EXERCISE.
Give back the exact lines of the material below from the one containing "Lila sprießender Brokkoli" through the one containing "Gambar Bayi Asfiksia", and no pictures.

PROVIDED ENTRIES.

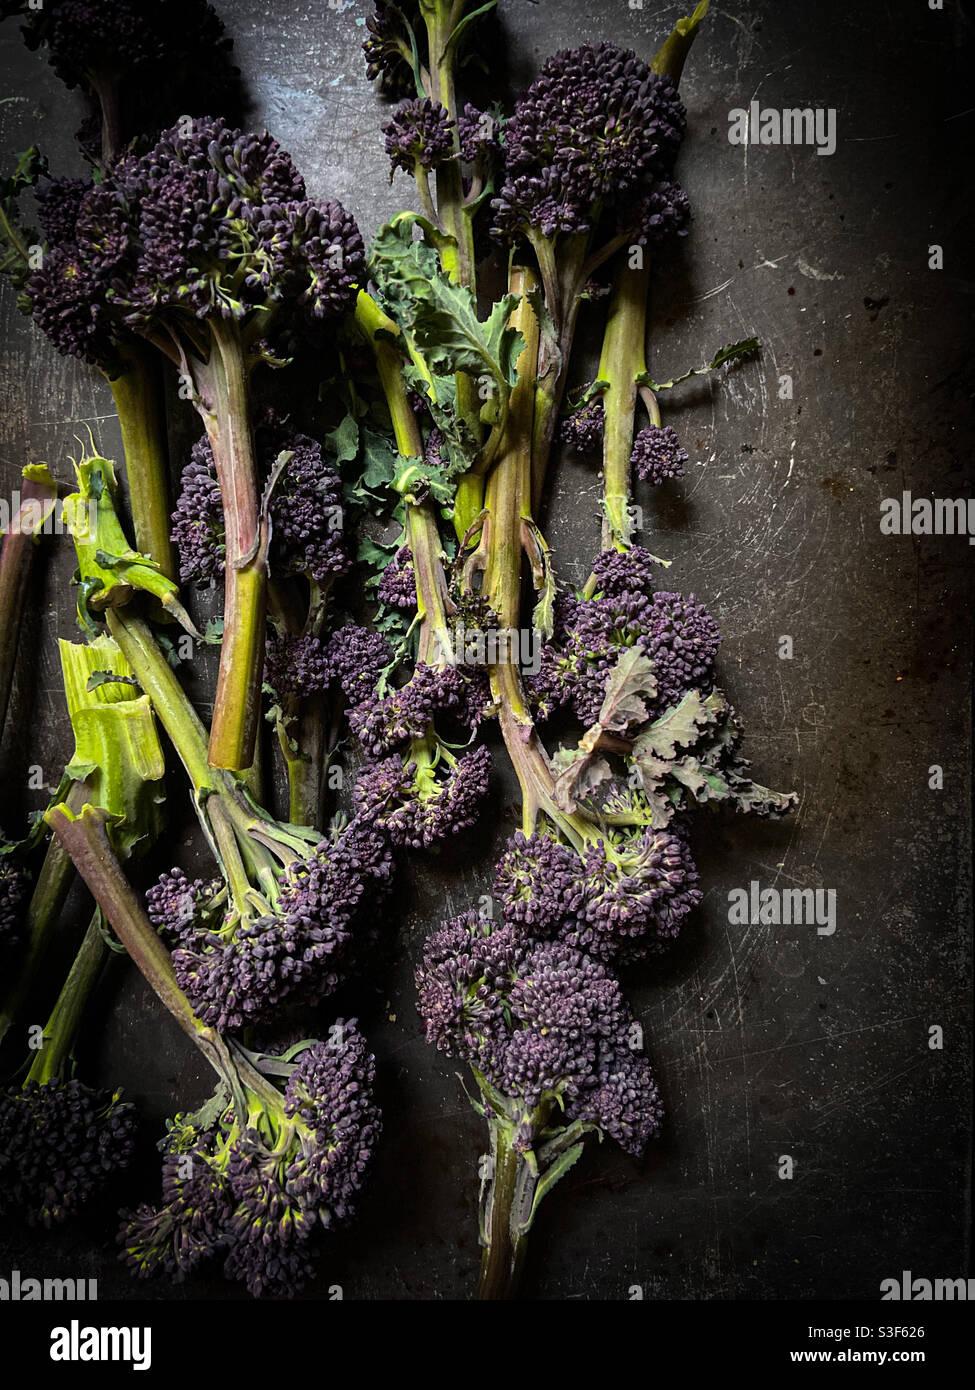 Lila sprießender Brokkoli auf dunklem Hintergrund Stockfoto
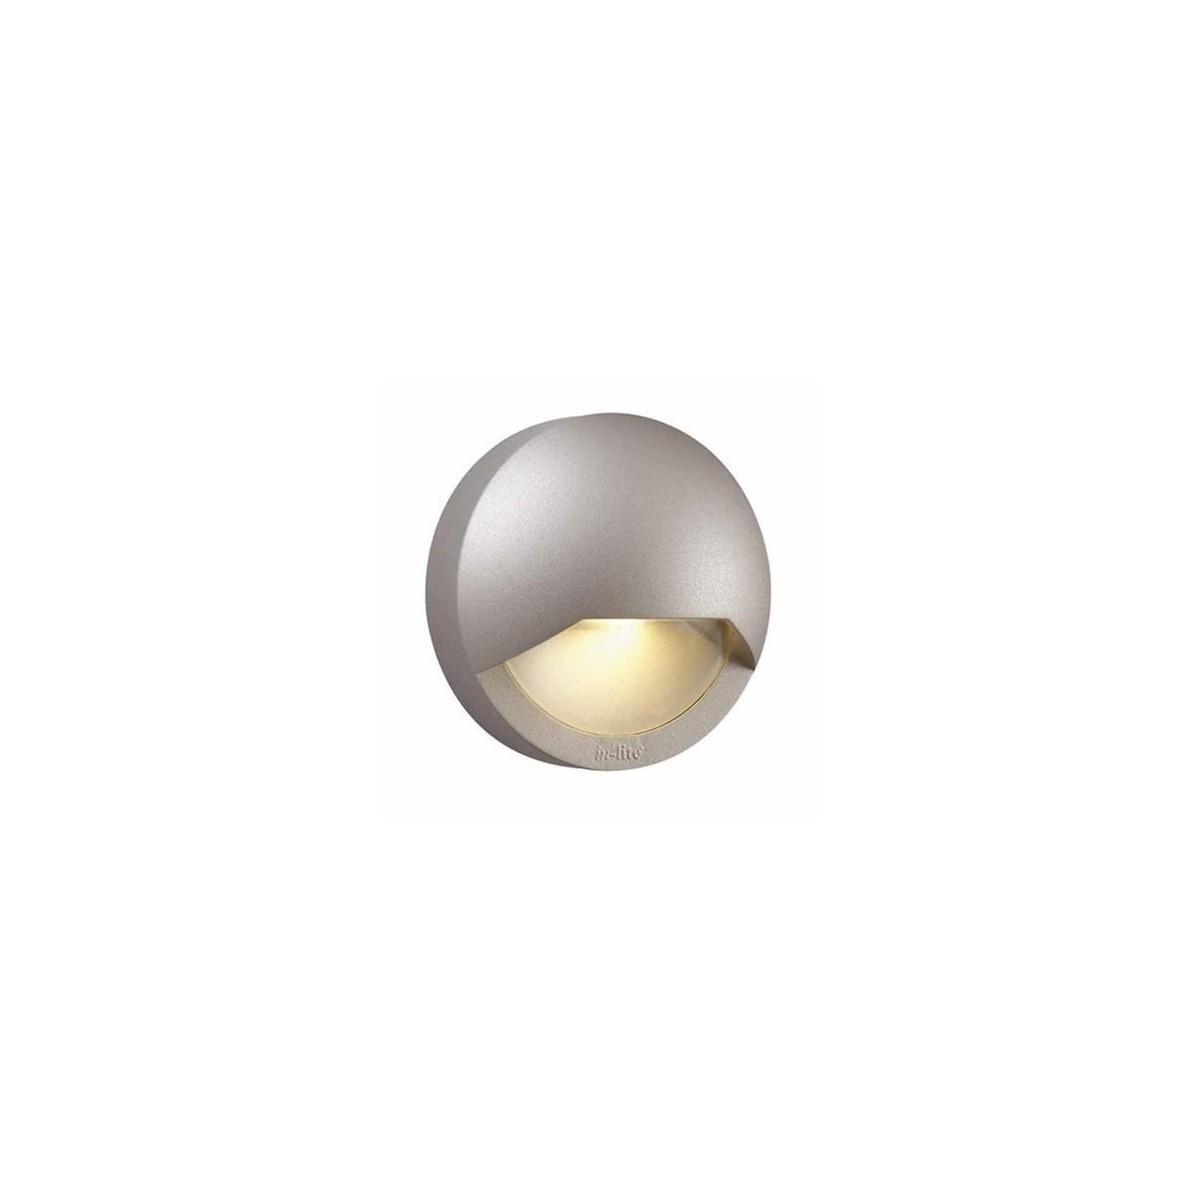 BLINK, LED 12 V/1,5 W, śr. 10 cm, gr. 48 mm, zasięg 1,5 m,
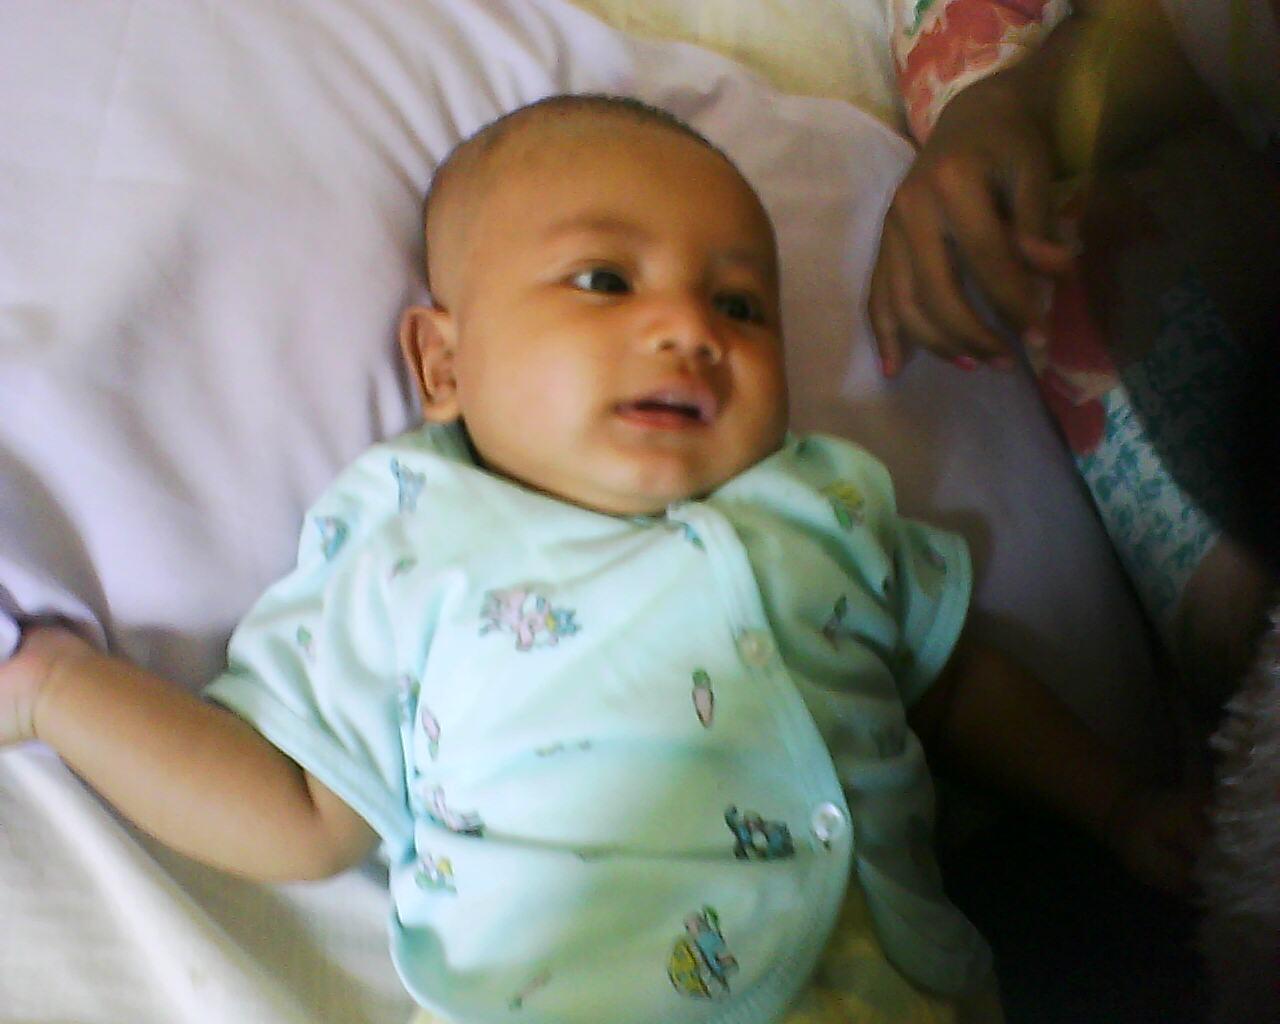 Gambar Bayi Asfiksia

==

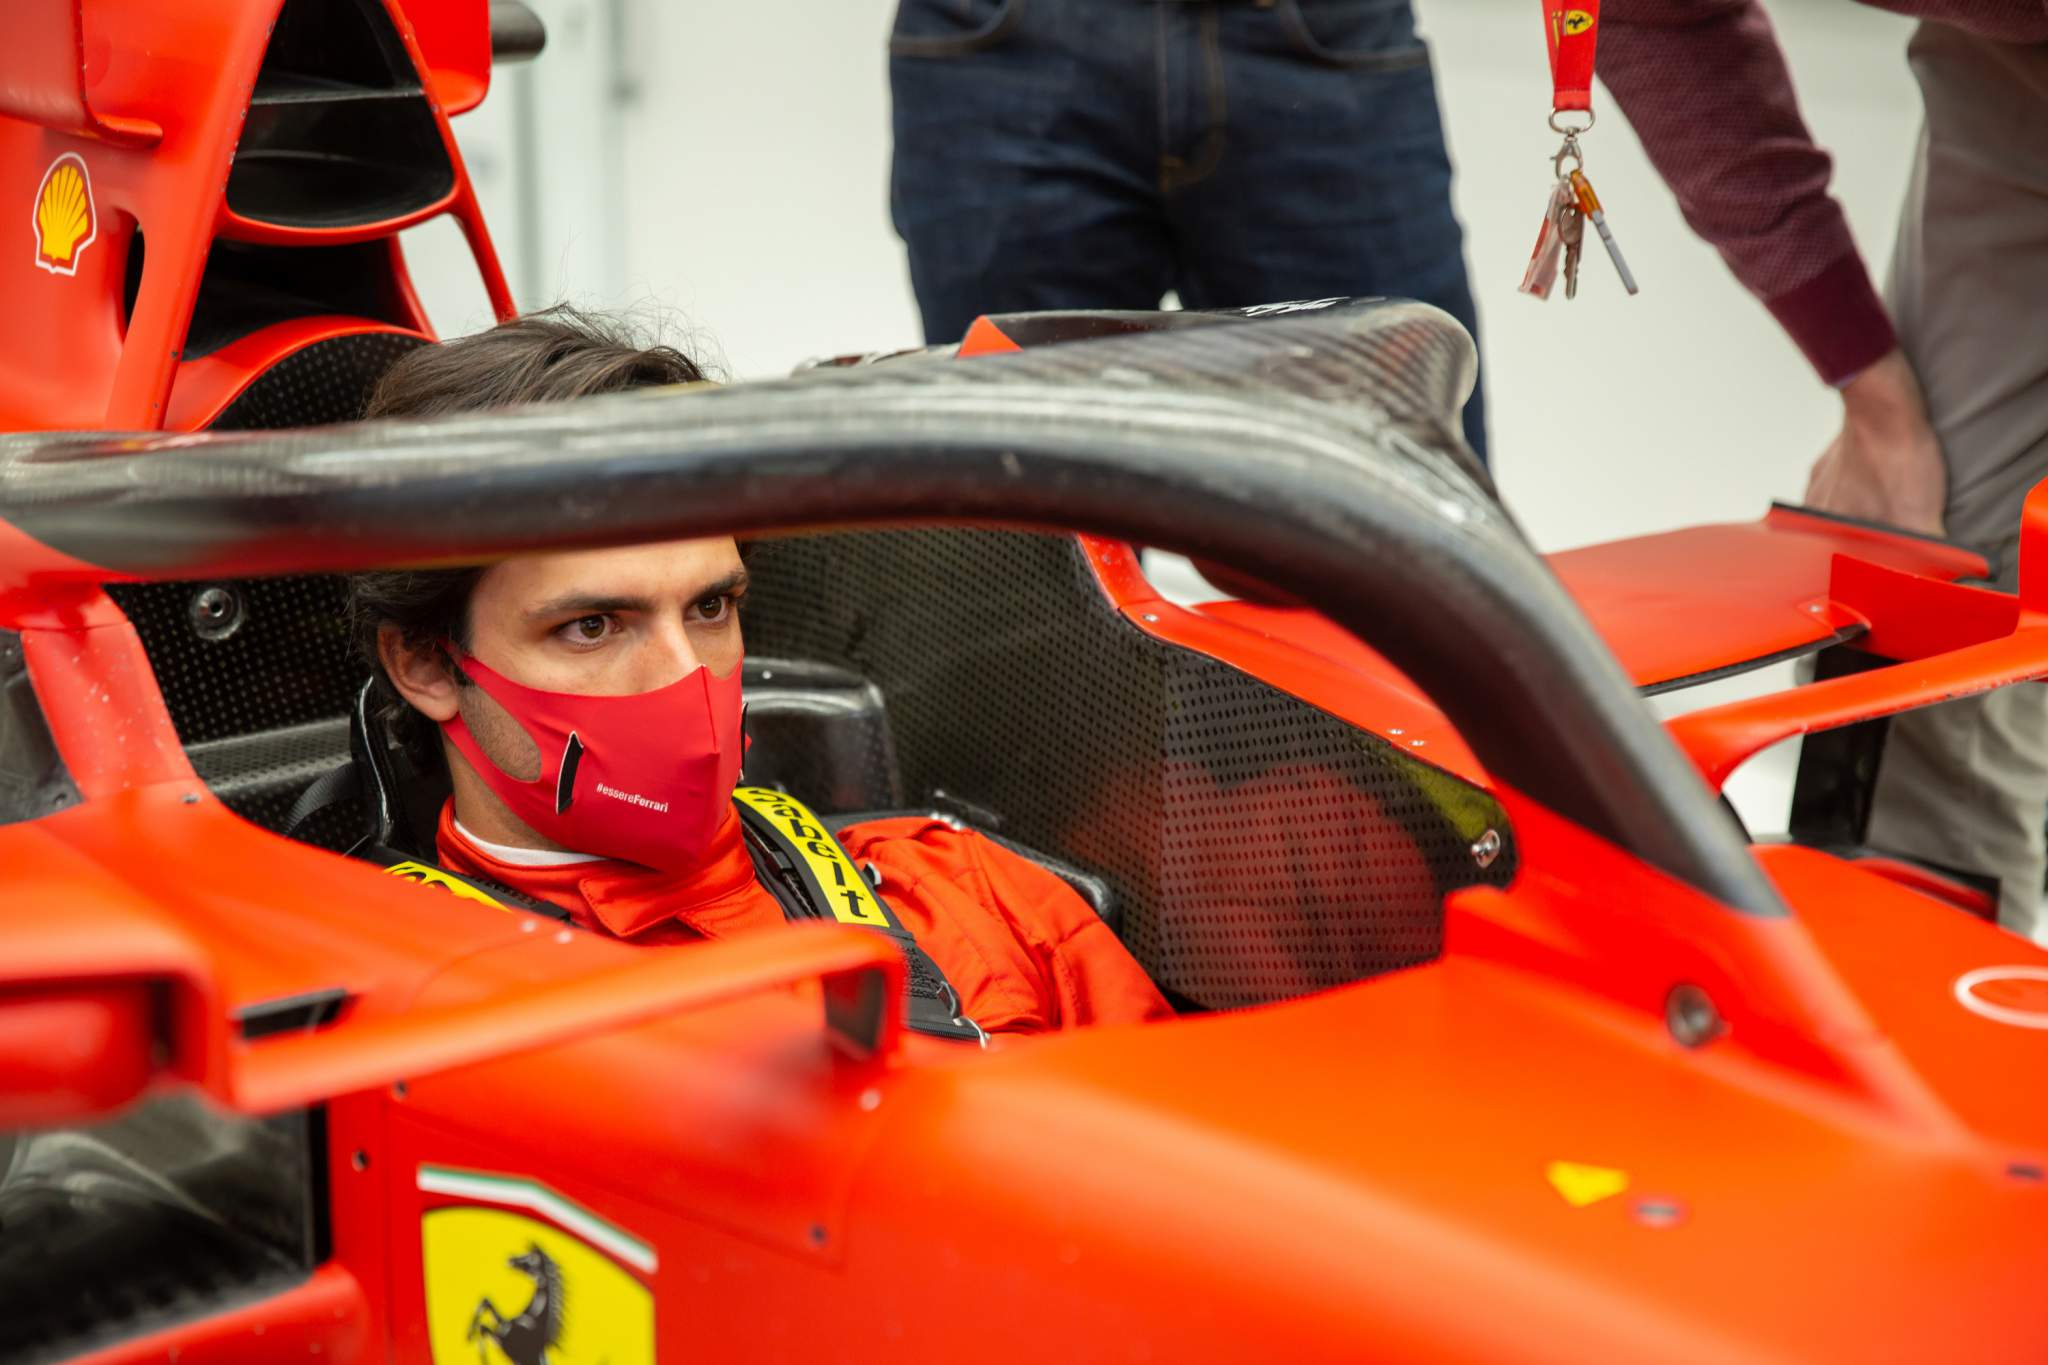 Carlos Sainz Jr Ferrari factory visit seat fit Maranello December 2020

WRITTEN RESPONSE.
 Lila sprießender Brokkoli auf dunklem Hintergrund Stockfoto
 BLINK, LED 12 V/1,5 W, śr. 10 cm, gr. 48 mm, zasięg 1,5 m,
 Gambar Bayi Asfiksia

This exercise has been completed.